In [1]:
import pandas as pd

data = { 
    'credit_card_number': ['1111 2222 3333 4444', '1111 2222 3333 4444','1111 2222 3333 4444','1111 2222 3333 4444'],
    'trans_datetime': ['2022-01-01 08:44', '2022-01-01 19:44', '2022-01-01 20:44', '2022-01-01 20:55'],
    'amount': [142.34, 12.34, 66.29, 112.33],
    'location': ['Sao Paolo', 'Rio De Janeiro', 'Stockholm', 'Stockholm'],
    'fraud': [False, False, True, True] 
}

df = pd.DataFrame.from_dict(data)
df['trans_datetime']= pd.to_datetime(df['trans_datetime'])
df

Unnamed: 0,credit_card_number,trans_datetime,amount,location,fraud
0,1111 2222 3333 4444,2022-01-01 08:44:00,142.34,Sao Paolo,False
1,1111 2222 3333 4444,2022-01-01 19:44:00,12.34,Rio De Janeiro,False
2,1111 2222 3333 4444,2022-01-01 20:44:00,66.29,Stockholm,True
3,1111 2222 3333 4444,2022-01-01 20:55:00,112.33,Stockholm,True


In [2]:
import hopsworks
proj = hopsworks.login()
fs = proj.get_feature_store()

Connected. Call `.close()` to terminate connection gracefully.

Logged in to project, explore it here https://c.app.hopsworks.ai:443/p/398
Connected. Call `.close()` to terminate connection gracefully.


### Create a Feature Group

Hopsworks have comprehensive documentation on Feature Groups. Click on these links to learn more.

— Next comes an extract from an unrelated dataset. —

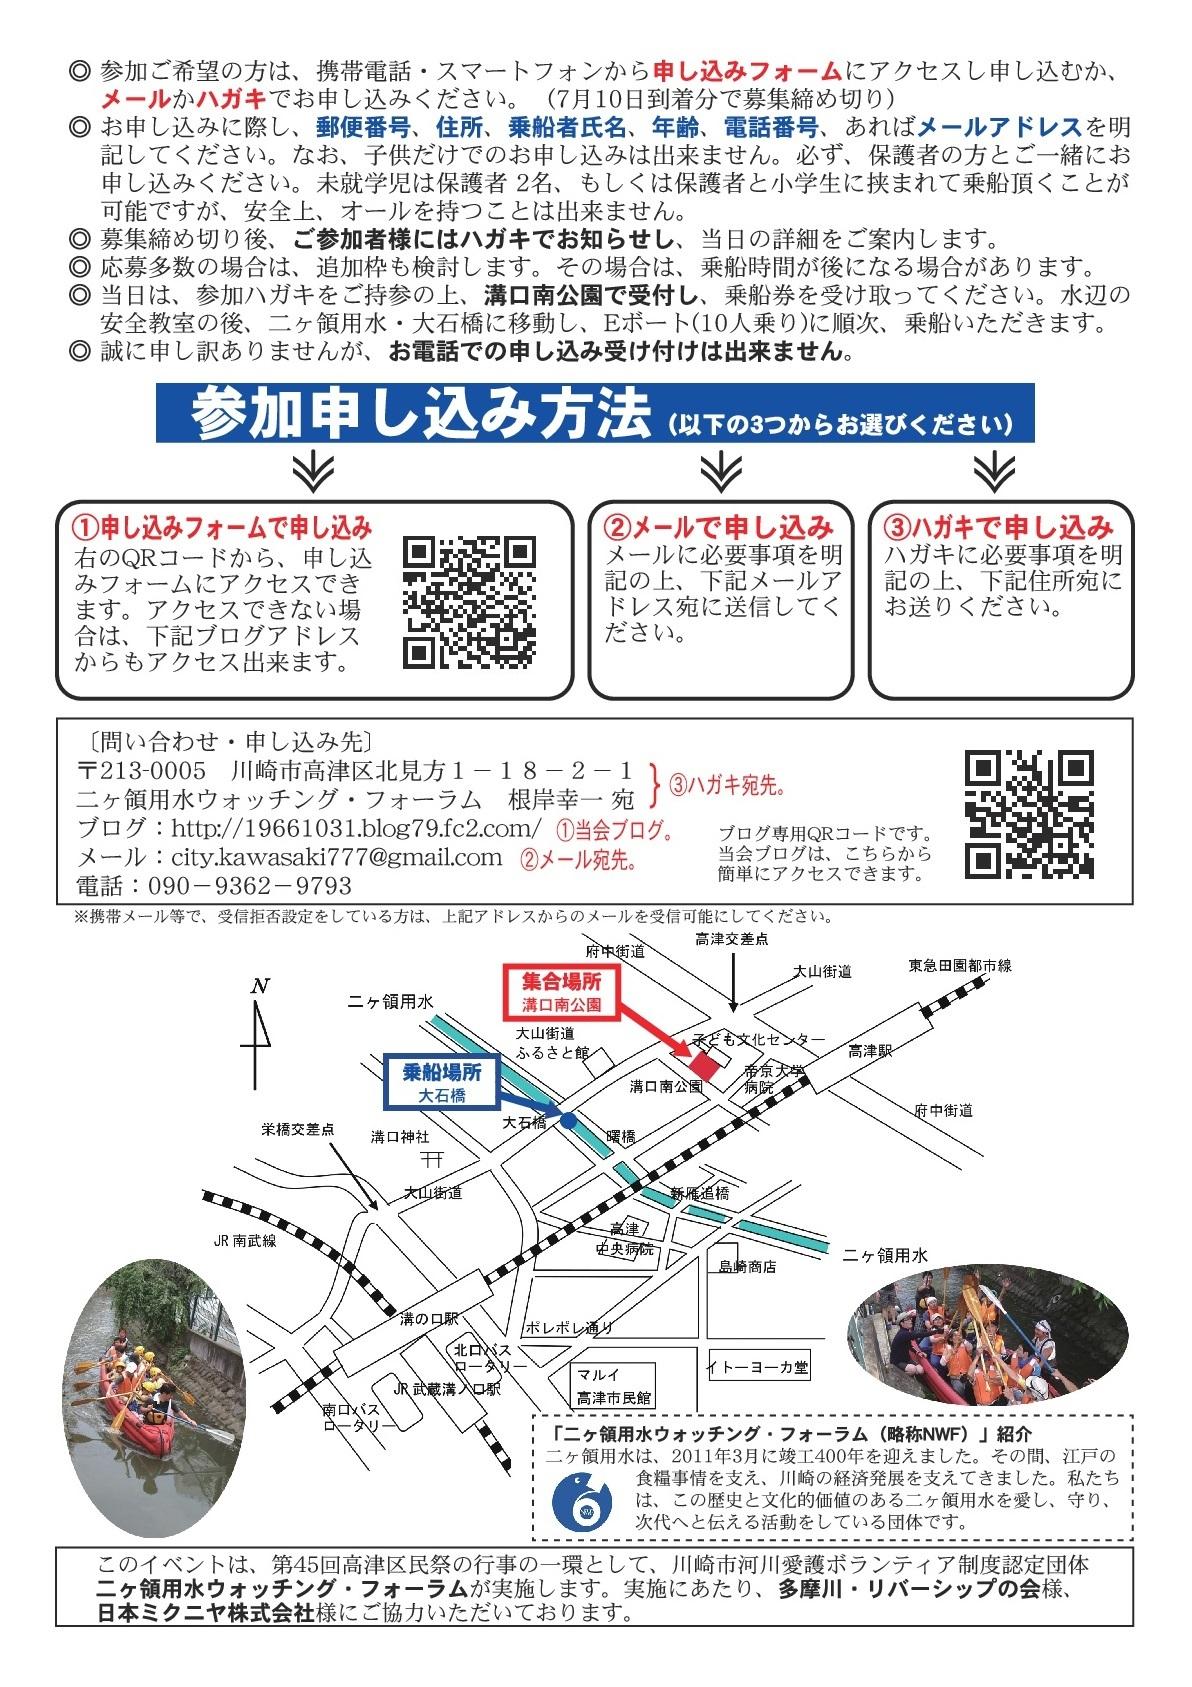 A4たて(裏)_アウトライン_45高津区民祭_20180729

* [Feature Group Concept](https://docs.hopsworks.ai/3.0/concepts/fs/feature_group/fg_overview/)
* [Feature Group Creation Guide](https://docs.hopsworks.ai/3.0/user_guides/fs/feature_group/create/)
* [Feature Group API Docs](https://docs.hopsworks.ai/feature-store-api/3.0/generated/api/feature_group_api/)

In [3]:
fg = fs.get_or_create_feature_group(
     name="credit_card_transactions",
     version=1,
     description="Credit Card Transaction data",
     primary_key=['credit_card_number'],
     event_time='trans_datetime'
) 

### Write your DataFrame to the Feature Group
When you write your DataFrame to the feature group, first the DataFrame is copied to Hopsworks. 
Then a backfill ingestion job is run on Hopsworks to insert/append the DataFrame to the Feature Group. 
The job is a Spark job, and the data is stored in a Apache Hudi table in Hopsworks.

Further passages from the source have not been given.